I think I have a little trouble understanding why the Queen was so generous in her finding justice for the knight. The knight
starts off the tale committing a sin however, by the end of the tale he ends up “happily ever after” with his beautiful young
maiden. This tale goes along with the Wife of Bath’s prologue because she is an older, unattractive woman who is
attracted to young, handsome men. The relationship between the prologues and her tale go together because she is a
promiscuous women and she enjoys attractive people, mainly she enjoys attractive men. The knight was basically
rewarded for raping a woman which in the Wife of Bath’s mind may not have been such a bad thing because she is such
a sexual woman.
Question Four: Pope John Paul II, St. Jerome, and the Wife of Bath hold very different ideals of marriage and virginity.
Pope John Paul II states that it is not sinful to have sex after one has been married. He even believed that sex was
necessary and natural for reproduction. St. Jerome, on the other hand, was strict in his views of virginity. He thought
virginity was a sacred thing that should not be broken. He believed that even an impure thought was sinful. St. Jerome
stated that, “to show that virginity is natural while wedlock only follows guilt, what is born of wedlock is virgin flesh and it
gives back in fruit what in root it has lost.” (Line 19). St. Jerome did not even really approve of sex in marriage. He only
accepted it because wedlock brought new pure virgins to the world. St. Jerome would have been disgusted if he
encountered the Wife of Bath because her ideals contradicted everything St. Jerome believed in. The Wife of Bath holds
loose views on virginity. She enjoys sex and has always been a promiscuous woman. She was married five times and
was basically on the Pilgrimage to meet a man. The Wife of Bath believed that sex was natural because God gave us sex
organs. The Wife of Bath is the only of the three that believed sex should be pleasurable and necessary in life/marriage.

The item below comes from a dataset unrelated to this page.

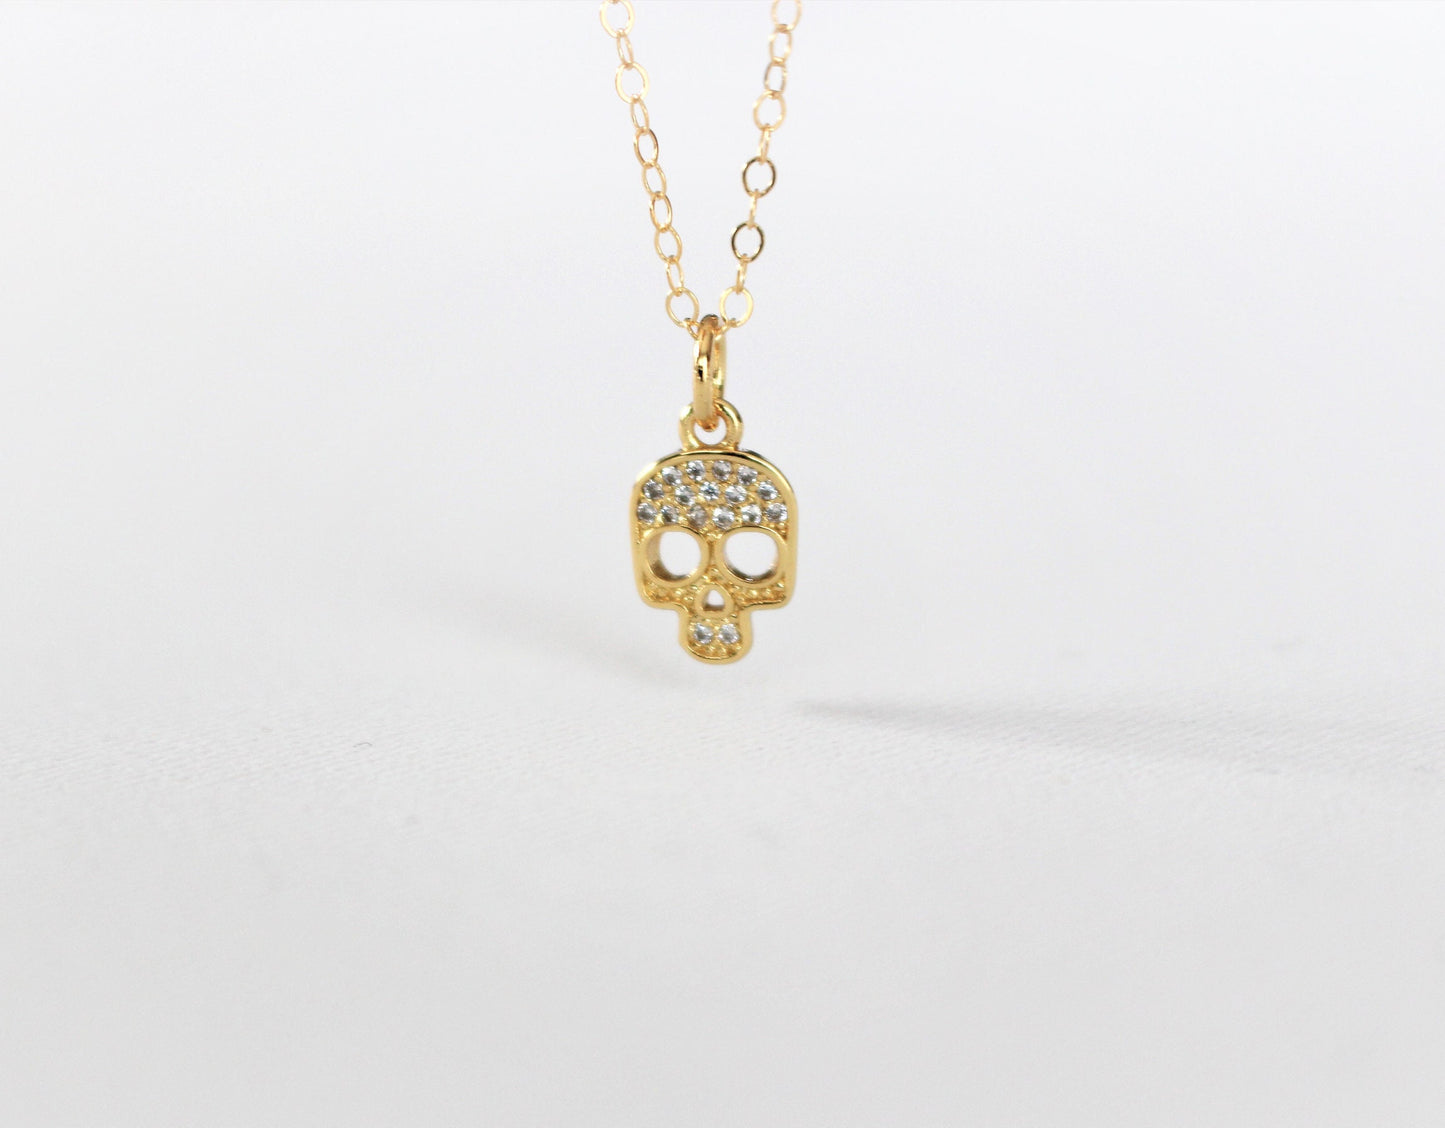 Dainty Skull Necklace ∙ 14k Gold filled chain ∙ Shiny charm pendant skull

Question Six: The first thing I would like to discuss is from the General Prologue. I think it must have been very funny for
all the people on the Pilgrimage to encounter Prioress. The Prioress would have been funny because she was really a
very large woman who when she ate, was so precise that she never dropped a crumb or left a mark on her glass. The
Prioress was very proper but it was all in a fake matter. The way she talked, the way she ate, and her appearance must
have been hilarious for the other people. It’s just funny because she is supposed to be the head of the monastery and
really she does not do any of the practices that other nuns do. She has a material love and a fake compassion for others.
While she should have been reading scriptures of the Lord, she was instead learning French and trying to fit into her idea
of the aristocracy.
The second thing I want to mention is that I don’t agree with the way the knight and his beautiful young maiden lived
happily ever after. Here he raped a young girl and then was left unpunished with a beautiful wife. I just think it really shows
that men can easily get what they want even if they don’t deserve it. Men hold the sovereignty over women.